Surveillance of Over-The-Counter Drugs
The requirements of obtaining and maintaining a marketing authorisation for both prescription only medicines (POM) and non-prescription medicines are laid down in national and international regulations. A marketing authorisation is only issued when a product meets regulatory requirements for safety, efficacy and quality. Extensive evidence of safety is required before POM products are considered for re-classification to Pharmacy Only (P) status (i.e. can only be sold in a pharmacy), and/or subsequently when re-classified to General Sales List (GSL) status. The latter means that patients may purchase a product from any retail outlet and self-medicate without seeking advice from health-care professionals.

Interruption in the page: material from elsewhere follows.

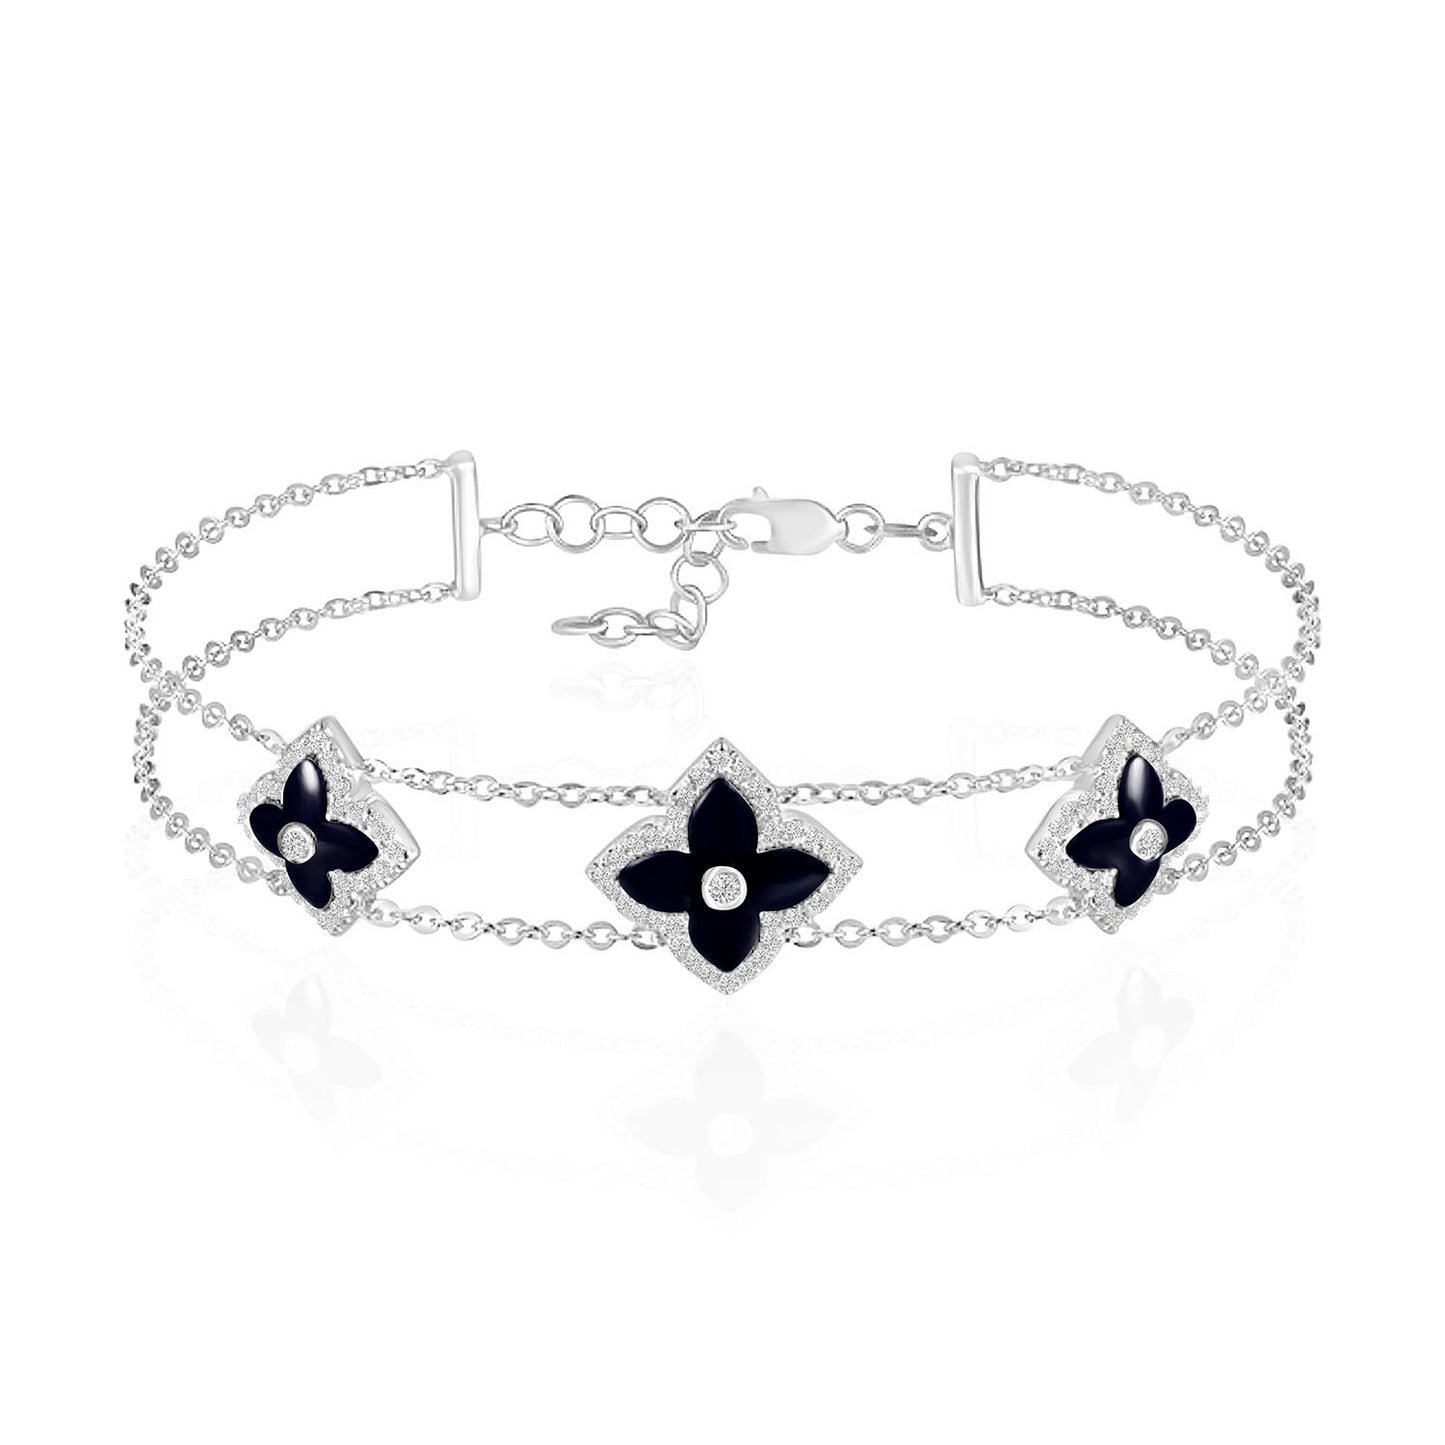 Luvente White Gold Black Onyx And Diamond Flower Bracelet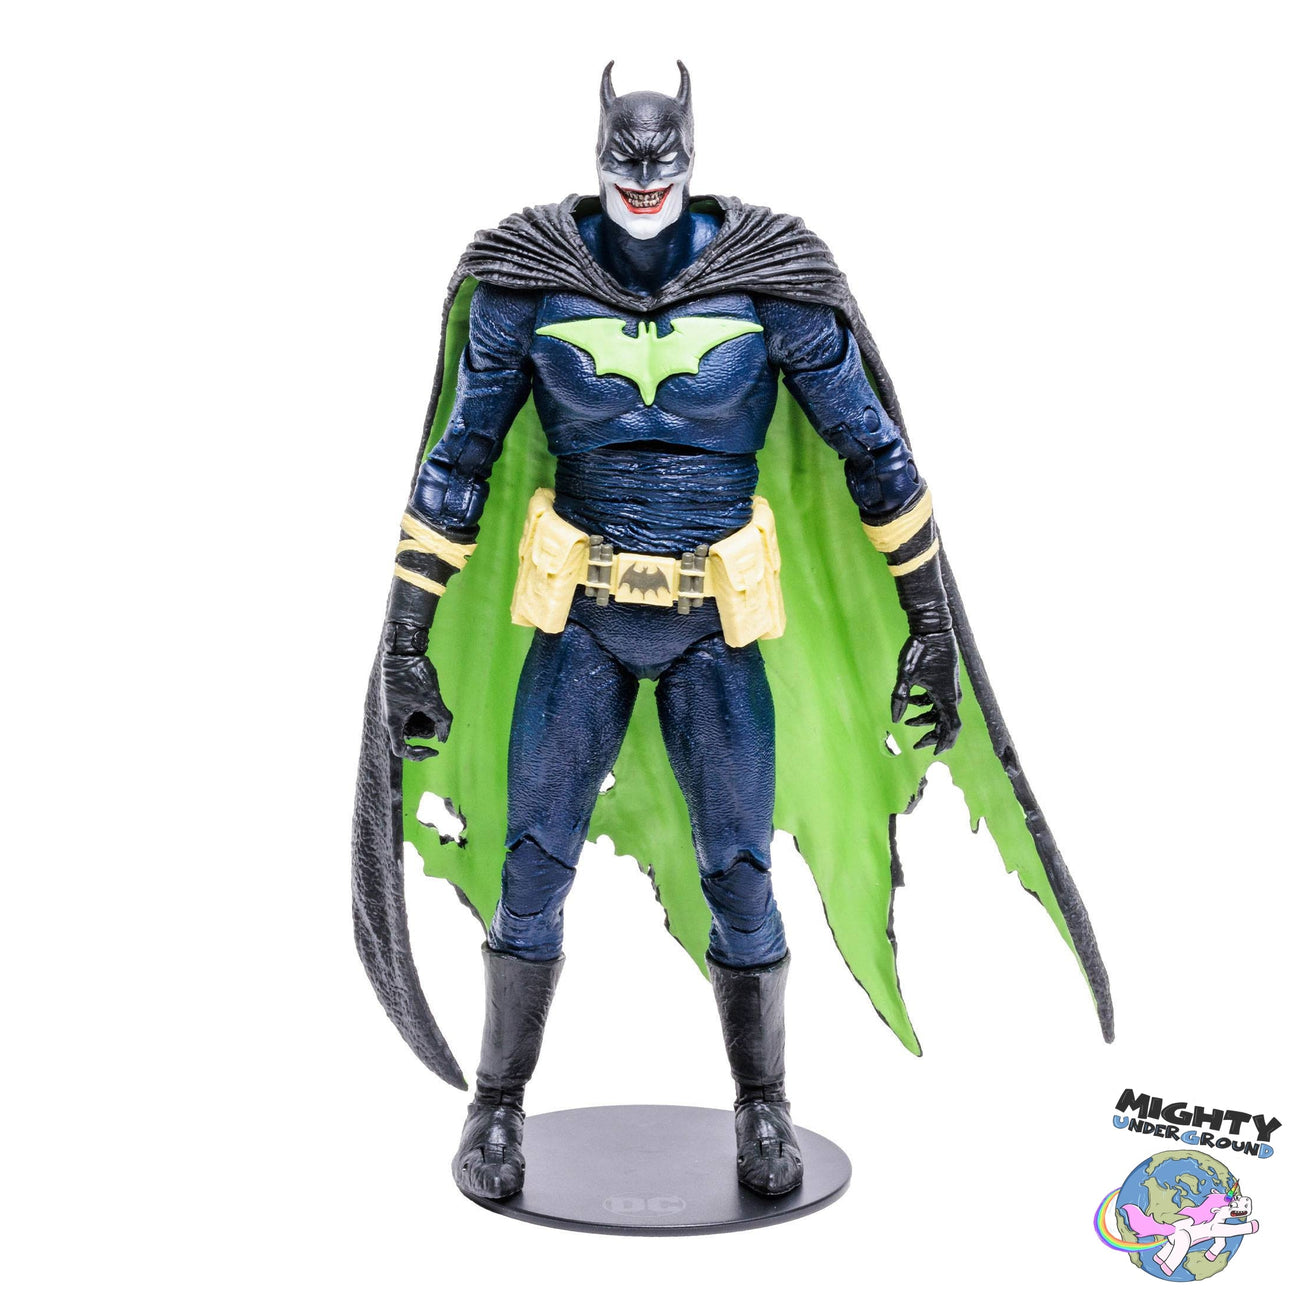 DC Multiverse: Batman of Earth-22 Infected (Dark Nights: Metal)-Actionfiguren-McFarlane Toys-Mighty Underground

Evidence of efficacy and safety for medicines for which a ‘switch’ is proposed, will have been gathered from pre-marketing clinical trials, from post-marketing use and sometimes from comparisons of safety with other products available without prescription. However, each of these methods has limitations regarding monitoring safety and may not predict out-comes in a non-prescription setting. Given the current drive towards self-care, it is important that OTC medicines are subject to safety surveillance in addition to passive spontaneous reporting.
Unfortunately, adverse reactions caused by OTC drugs are less likely to be reported than those associated with POMs. Thus, because of likelihood of under-reporting, spontaneous reporting schemes alone are insufficient to monitor the safety of OTC products and should be complimented by other methods.
The DSRU has repeatedly demonstrated that PEM provides a valuable addition to the pharmacovigilance of POM products in the UK, prescribed by general practitioners in primary care. The DSRU is working in collaboration with other academic centres to develop systematic methodologies for pharmacovigilance studies of non-prescription medicines, based in community pharmacies.